Most of our groceries consists of no junk/fatty/etc, mostly vegetarian/vegan/organic (food that's priced x 2 in most cases ;'( ).


----------



## colchar (Oct 25, 2011)

ExBat said:


> When I compare to prices in Toronto (rent/groceries/etc), they're not too far off from London. E.g. even living at reasonable distance from Toronto city, will cost aprox $2000 (apartment, close to public transport: realtor.ca).



Define 'reasonable distance'. I guarantee you that you can find an apartment for half that amount in the cities/suburbs around Toronto.

I have lived in London (Bethnal Green) and have lived most of my life just to the northwest of Toronto (can see the CN Tower from my driveway and can be in the city in 15 mins) and trust me, Toronto is nowhere near as expensive as London.


----------



## ExBat (Nov 24, 2015)

colchar said:


> Define 'reasonable distance'. I guarantee you that you can find an apartment for half that amount in the cities/suburbs around Toronto.
> 
> I have lived in London (Bethnal Green) and have lived most of my life just to the northwest of Toronto (can see the CN Tower from my driveway and can be in the city in 15 mins) and trust me, Toronto is nowhere near as expensive as London.


Random location (Willowdale) at 35 minutes (25km) distance from M5J 2J5
2 bedroom, cheapest, 1 x $1800, average ~$2100

I haven't even done research on what the good/bad parts of Toronto are.


----------



## colchar (Oct 25, 2011)

ExBat said:


> Random location (Willowdale) at 35 minutes (25km) distance from M5J 2J5
> 2 bedroom, cheapest, 1 x $1800, average ~$2100
> 
> I haven't even done research on what the good/bad parts of Toronto are.



Nor on what the various parts of Toronto are by the looks of it. Willowdale is part of Toronto, I am talking about places that are not part of Toronto.


----------



## colchar (Oct 25, 2011)

I just checked with my brother who lives in a nice new (less than a year old) two bedroom condo right downtown (I mean right smack in the downtown core) and he pays $1800 per month. He says they got a bit of a deal and that his unit normally goes for $2000-2200 per month. 

If his unit normally goes for $2000-$2200 and is right smack downtown then units outside of Toronto but within a reasonable commute will go for much less.


----------



## ExBat (Nov 24, 2015)

colchar said:


> I just checked with my brother who lives in a nice new (less than a year old) two bedroom condo right downtown (I mean right smack in the downtown core) and he pays $1800 per month. He says they got a bit of a deal and that his unit normally goes for $2000-2200 per month.
> 
> If his unit normally goes for $2000-$2200 and is right smack downtown then units outside of Toronto but within a reasonable commute will go for much less.

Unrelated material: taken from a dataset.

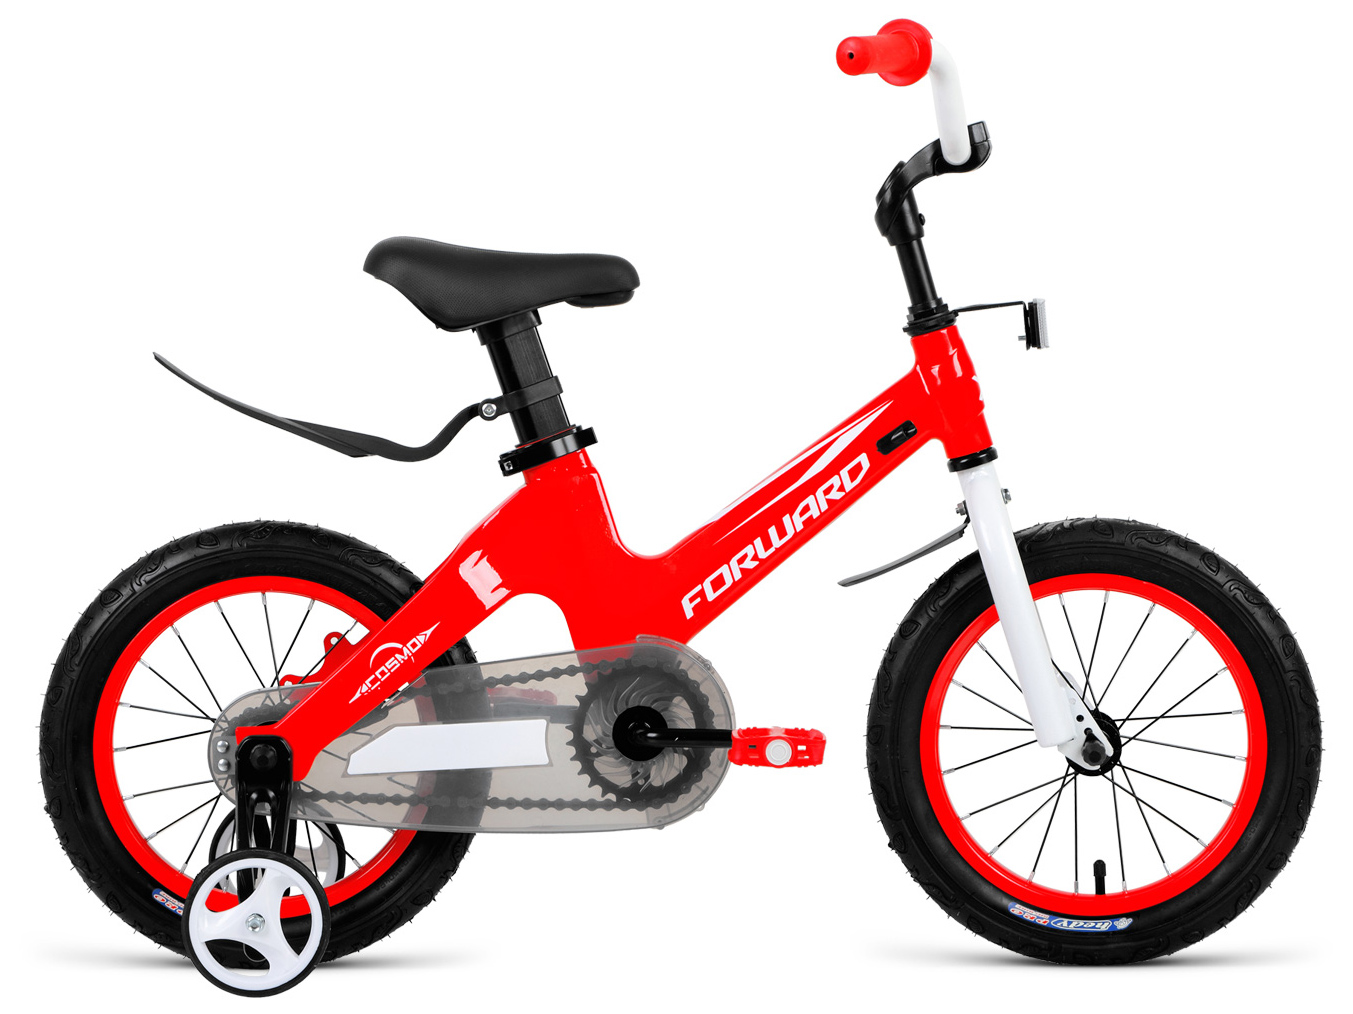  Отзывы о Детском велосипеде Forward Cosmo 14 2019

Yes, that's right. But the prices don't reduce anywhere close to the centre. E.g. you'd have to be willing to travel a good 45mins (by public transport+walking) before it gets 'cheaper'. Realistically, it'll just be $2000 for somewhere convenient (close to stores/public transport/good quality/etc).

Either way, this makes the 'centre' of Toronto more affordable than London (actually, they'd probably give you a box to live in for that price in London centre ).


----------



## EVHB (Feb 11, 2008)

$2,300 / $2,500 rent in Oakville (about 45 minutes on the go train to downtown) will give you a smaller detached house, about 15-20 years old with 3 bedrooms and 1 garage.


----------